On the other hand, Table 2 shows clear gradations of the measured values with the addition of different amounts of antibiotics. So lets the increase in growth retardation even with only slightly increased antibiotic concentrations measure each other precisely.

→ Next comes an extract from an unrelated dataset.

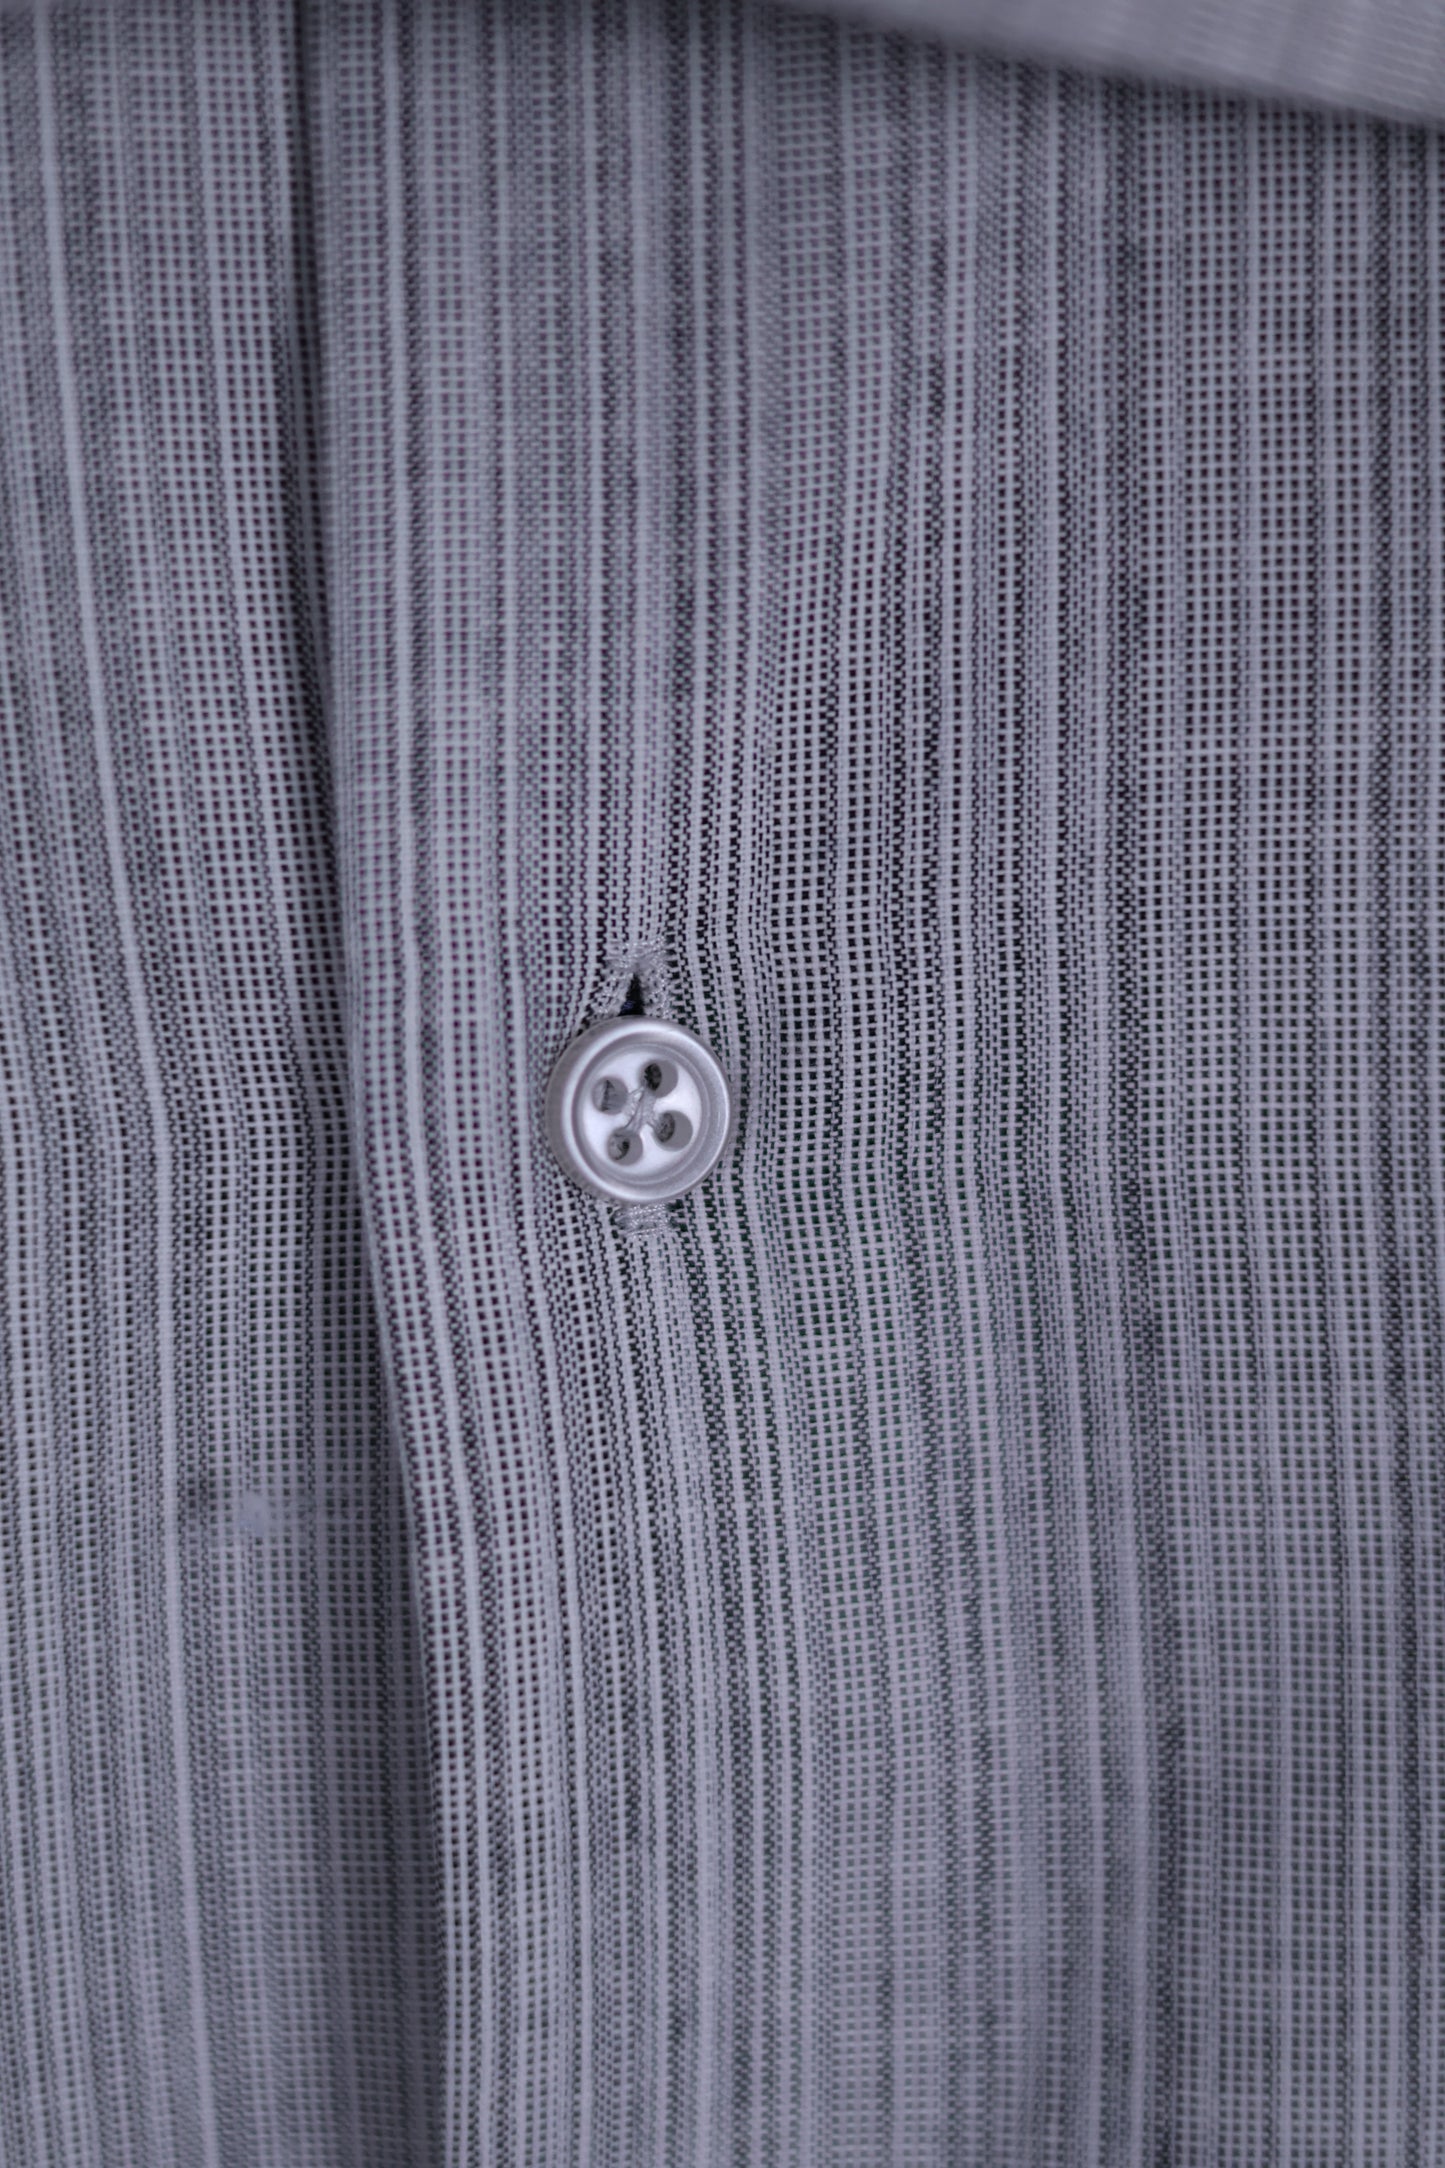 Light Grey Button Up Dress Shirt

Table 1 Antibiotic concentrations (nlg / .l) of agar plates A. - H agar plate H G F E D C B A 1. Ampicillin * 0.5 1 2 4 8 16 32 2. Piperacillin * 1 2 4 8 16 32 64 3. Mezlocillin * 1 2 4 8 16 32 64 4. Cefazolin * 1 2 4 8 16 32 64 5. Cefotaxime * 0.5 1 2 4 8 16 32 6. Lamoxactam * 1 2 4 8 16 32 64 7. Cefoxitin * 0.5 1 2 4 8 16 32 8. Gentamicin * 0.25 0.5 1 2 4 8 16 9. Amikacin * 1 2 4 8 16 32 64 10. Doxycycline * 0.25 0.5 1 2 4 8 16 11. Fosfonycin * 4 8 16 32 64 128 256 12. Chlorine * 0.5 1 2 4 8 16 32 amphenicol * blank T a b e l l e 2 absorption values with L-analin-paranitroanilide 1 2 3 4 5 6 7 8 9 10 11 12 A 0.151 0.805 0.704 0.077 0.059 0.060 0.061 0.058 0.049 0.066 0.059 0.060 B 0.292 0.858 1.009 0.078 0.068 0.064 0.060 0.058 0.059 0.064 0.067 0.055 C 0.406 0.829 0.771 0.089 0.086 0.063 0.065 0.048 0.049 0.061 0.072 0.049 D 0.661 0.788 0.728 0.100 +0.121 +0.078 0.090 0.055 0.054 +0.074 0.369 0.057 E 0.875 0.595 0.677 +0.089 0.285 0.313 +0.103 +0.076 0.060 1.223 1.736 0.055 F 0.966 0.643 0.634 0.175 0.611 0.798 1.350 1.187 +0.055 1.329 1.772 +0.068 G 1.340 0.678 0.602 0.619 0.902 0.927 1,918 1,979 0.279 1,927 1,838 0.162 H 1,868 1,788 1,800 1,794 1,837 1,767 1,872 1,882 1,866 1,991 2,024 1,817 Explanations: + = visually after 24 h ~ = after 5 h photometrish measurement at 414 nm and 450 nm; Letters A to H and numbers 1 to 12 according to table 1; Test organism: Escherichia coli T a b e l l e 3 absorption values without L-alanine paranitroanilide (pure turbidity measurement) 1 2 3 4 5 6 7 8 9 10 11 12 A 0.069 0.079 0.078 0.075 0.077 0.067 0.084 0.094 0.072 0.084 0.078 0.071 B 0.078 0.089 0.091 0.107 0.088 0.075 0.087 0.076 0.086 0.078 0.075 0.082 C 0.076 0.082 0.109 0.086 0.071 0.100 0.078 0.069 0.081 0.078 0.078 0.080 D 0.093 0.088 0.098 0.096 0.078 0.081 0.071 0.091 0.073 0.077 0.093 0.075 E 0.107 0.099 0.094 0.079 0.097 0.095 0.088 0.104 0.081 0.148 0.197 0.072 F 0.093 0.087 0.091 0.070 0.101 0.086 0.105 0.133 0.102 0.123 0.219 0.090 G 0.124 0.107 0.099 0.125 0.097 0.129 0.194 0.167 0.107 0.205 0.248 0.106 H 0.191 0.246 0.229 0.220 0.224 0.238 0.231 0.217 0.183 0.216 0.208 0.166 Explanations: Letters A to H and numbers 1 to 12 according to table 1; Measurement at 550 nm; Test organism: Escherichia coli

Claims (9)

Claims 1. A method for the quantitative determination of growth of aerobic gram-negative bacteria in a suspension, characterized in that that the bacteria are mixed with an enzymatically cleavable substrate and a Measures gap piece of the substrate photometrically. 2. The method according to claim 1, characterized in that the substrate L-alanine paranitroanilide, L-leucine paranitroanilide or proline paranitroanilide and the cleavage product paranitroaniline is measured. 3. The method according to claim 2, characterized in that the concentration of the substrate is 0.5 to 5 mmol / l. 4. The method according to any one of claims 1 to 3, characterized in that that measured at two different wavelengths through the gap of the substrate be absorbed differently. 5. The method according to claim 4, characterized in that the wavelengths range from 380 to 450 nm. 6. The method according to any one of claims 4 or 5, characterized in that that one wavelength is 414 nm and the second 450 nm. 7. The method according to any one of claims 4 to 6 for detecting the synergistic and antagonistic effects of various substances. 8. The method according to any one of claims 1 to 6 for determining the Resistance of aerobic gram-negative bacteria to antimicrobial compounds. 9. The method according to claim 8 for determining the aerobic resistance gram-negative bacteria versus antibiotics or chemotherapy drugs.